What Success Looks Like:
Empirical Counterpoints
Country
Regulatory Action
Outcome – Data
Norwayn Norwegian Maritime Authority + “Maritime Strategy” ties port tariffs to flag use. Ports Authority Act mandates 50% fee rebate for NIS/NOR-flag vessels under 10 years. Ownership data public quarterly. Norwegian-controlled fleet = 5.8% of world tonnage, 2024. 1,671 ships, $53B book value. State-owned Innovation Norway co-finances newbuilds; 78% of offshore supply fleet is Norwegian-owned.
South Korea Ministry of Oceans & Fisheries links Busan/Kwangyang terminal concessions to “national carrier cargo ratio.” HMM receives priority windows if it lifts >40% of certain routes. Regulator publishes carrier-by-flag throughput monthly. HMM capacity grew 112% 2016–2024 to 1.04M TEU. Korean-flag share of Busan export boxes: 41% in 2024 vs 19% in 2015. Port productivity: 32.4 moves/hour, #7 globally.
Brazil ANTAQ, the waterway regulator, enforces BR do Mar cabotage law: foreign ships must prove no Brazilian vessel available. Tariff hearings are public, with ship-owner association veto power on surcharges. Cabotage volume +68% 2020–2024 to 2.1M TEU. Brazilian-flag coastal fleet +27 vessels since law. Freight cost on Santos–Manaus fell 14% due to competition.
United States Federal Maritime Commission + Jones Act. FMC publishes Service Contract and MTO data. Port authorities give priority berthing to U.S.-flag under “security & readiness” clauses. U.S.-flag privately owned fleet: 185 vessels, 100% of cabotage.
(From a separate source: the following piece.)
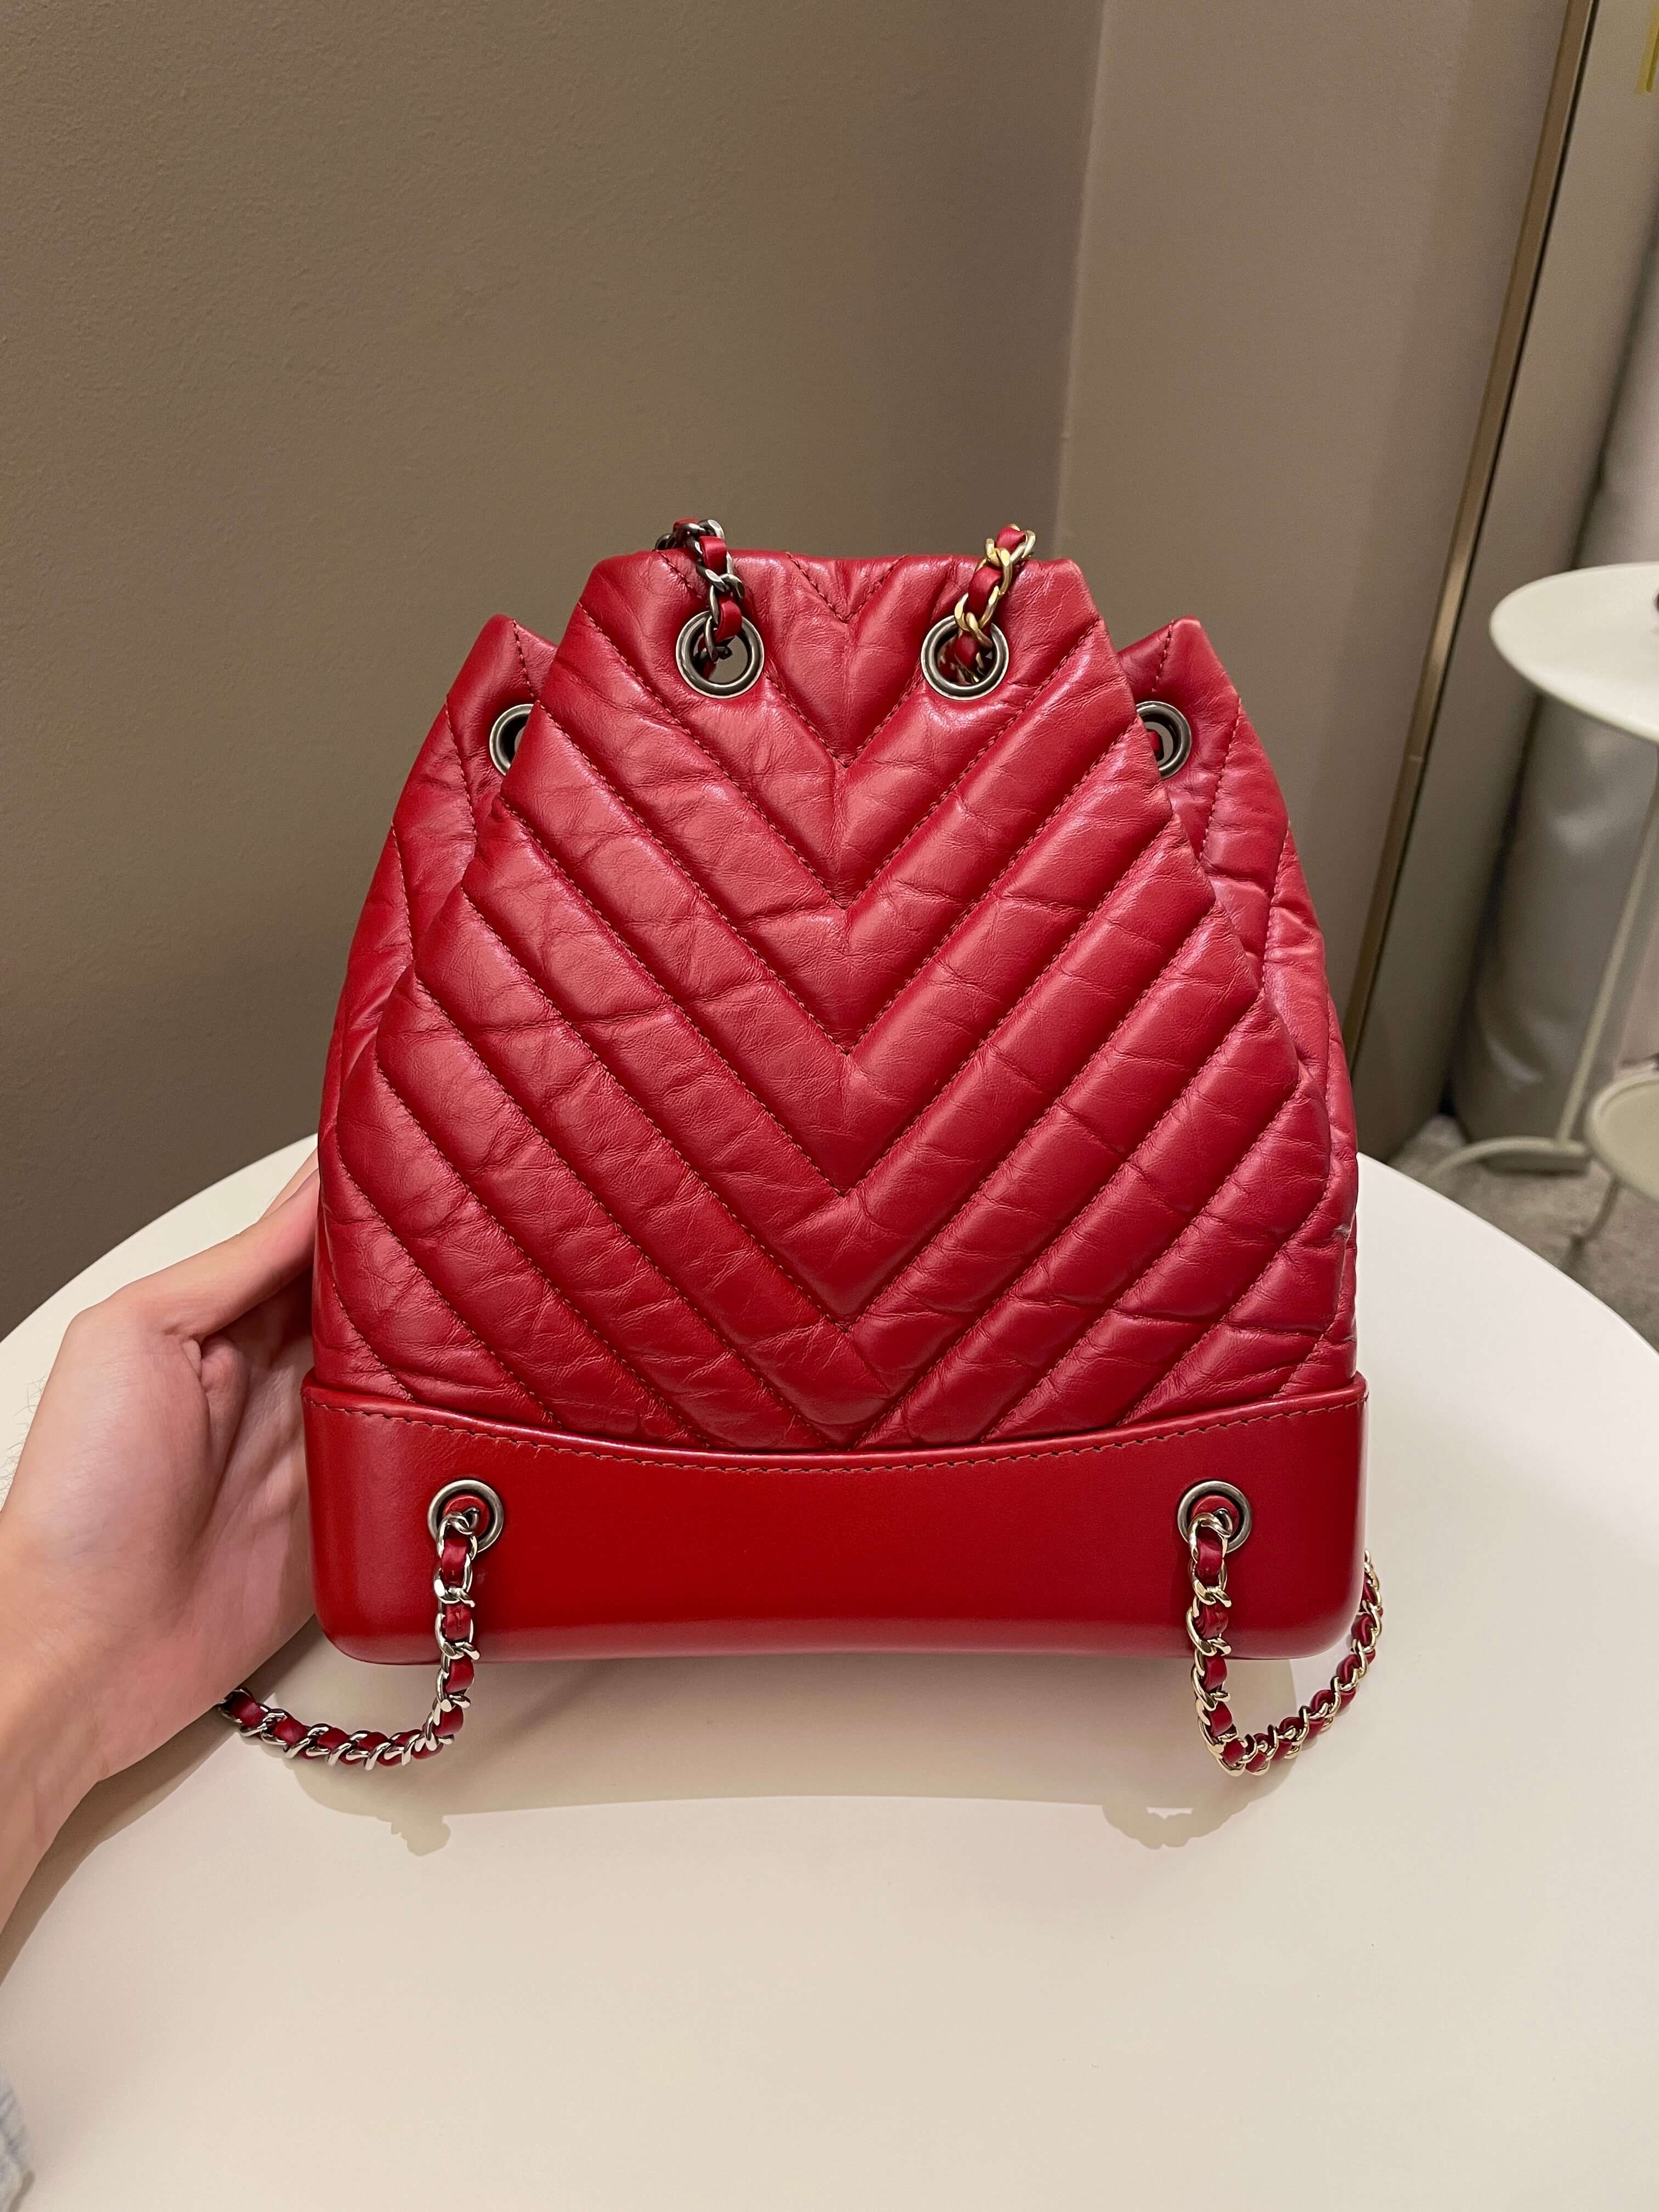 This item is SOLD* Brand: Chanel⁠ Item: Red Chevron Gabrielle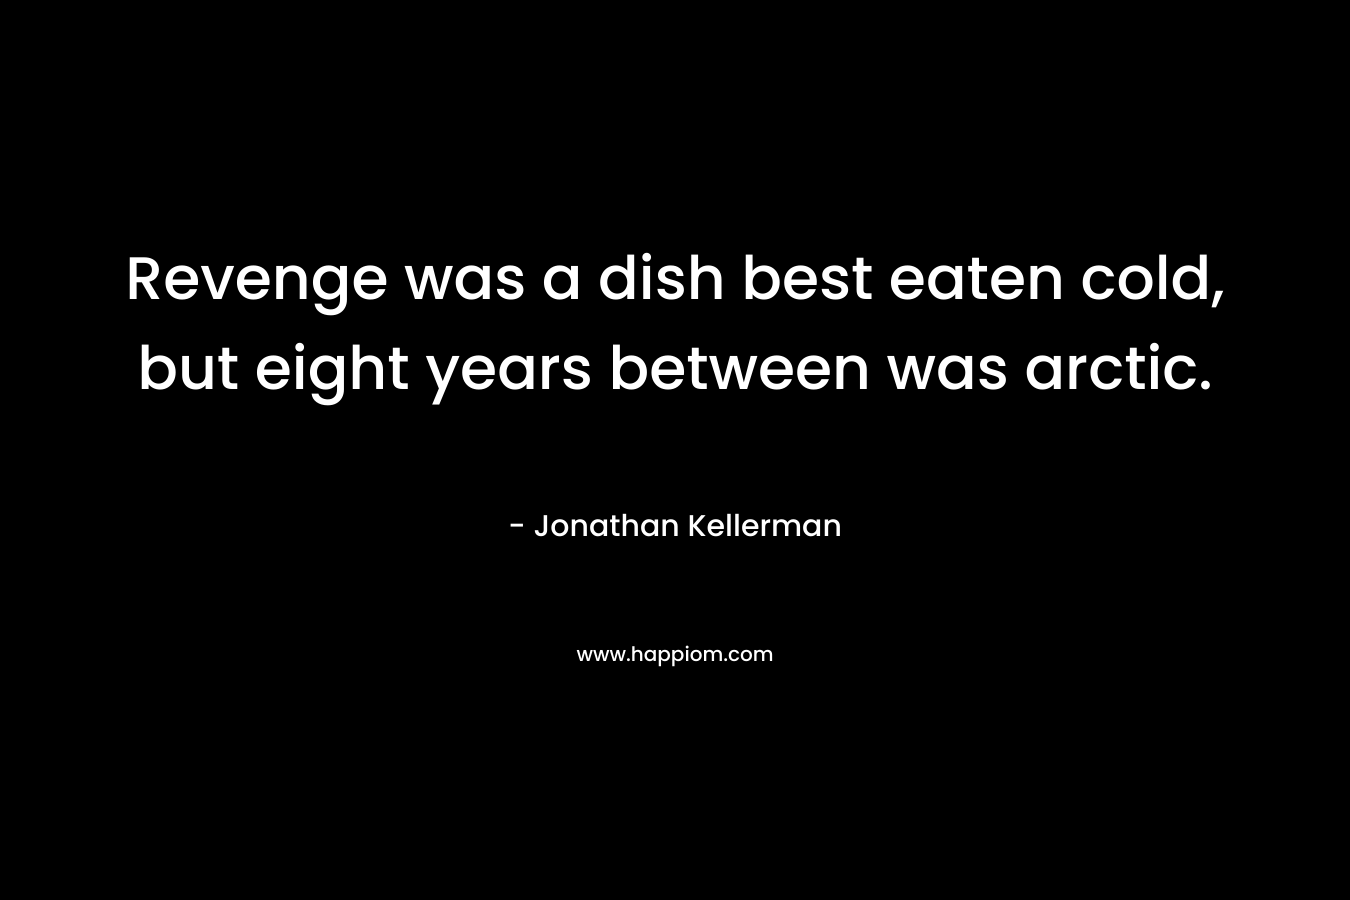 Revenge was a dish best eaten cold, but eight years between was arctic. – Jonathan Kellerman

MSP program pays $5.3M/year per vessel to retain flag; GAO 2023: program keeps 60+ militarily-useful ships in commerce vs. 12 without it.
The Nigerian Cost of Non-Protection
1. Capital flight: UNCTAD 2024: Nigeria paid $9.1B in sea freight. <2% retained by Nigerian carriers. Compare Norway: 62% of its $4.3B freight bill paid to Norwegian lines.
2. Rate exposure: Without indigenous alternatives, Nigerian exporters are price-takers. Cocoa and sesame shippers reported 2023–2025 rate spikes of 40–70% on West Africa–Europe lanes, with no NSC intervention despite “shippers’ interest” mandate.
3. Jobs/know-how: Philippine Overseas Employment Administration data: 380,000+ Filipino seafarers vs. <8,000 Nigerian STCW-certified officers active. Flag-state link matters—countries with fleets train crew.
Critique: Why NSC’s Current Path Won’t Deliver $1T
Ports can clear power turbines in 48 hours and still leave Nigeria a cargo colony. Efficiency without indigenous participation optimizes extraction, not value retention. The one-trillion-dollar goal requires domestic shipping receipts, insurance, crewing, and ship finance—none of which accrue when CMA CGM and APMT are the only parties in the room.
What Would Signal a Shift
1. Publish the base: NSC to release quarterly: % of Nigerian export/import TEU on Nigerian hulls, average freight rate paid by commodity, demurrage collected by line. Opacity ends with data.
2. Condition concessions: Tie terminal license renewals to local-content cargo plans—e.g., 10% of export TEU reserved for Nigerian operators at published rates. Korea and Brazil do this.
3. Tariff instrument: Use economic regulation powers to grant rebates on port/throughput charges for Nigerian-flag vessels <15 years, funded by surcharge on FOB value of crude. Norway’s model.
4. Joint audits: Include SOAN and NISA in NSC’s “inspection and evaluation” visits, with public minutes. Ends management opacity.
Bottom Line
Engaging CMA CGM and APMT is necessary but insufficient. Until NSC measures and protects indigenous tonnage with the same urgency it brings to terminal dwell time, “continuous engagement” will develop ports, not a Nigerian shipping industry. Advanced economies didn’t get fleets by accident; they regulated for them, transparently, with data.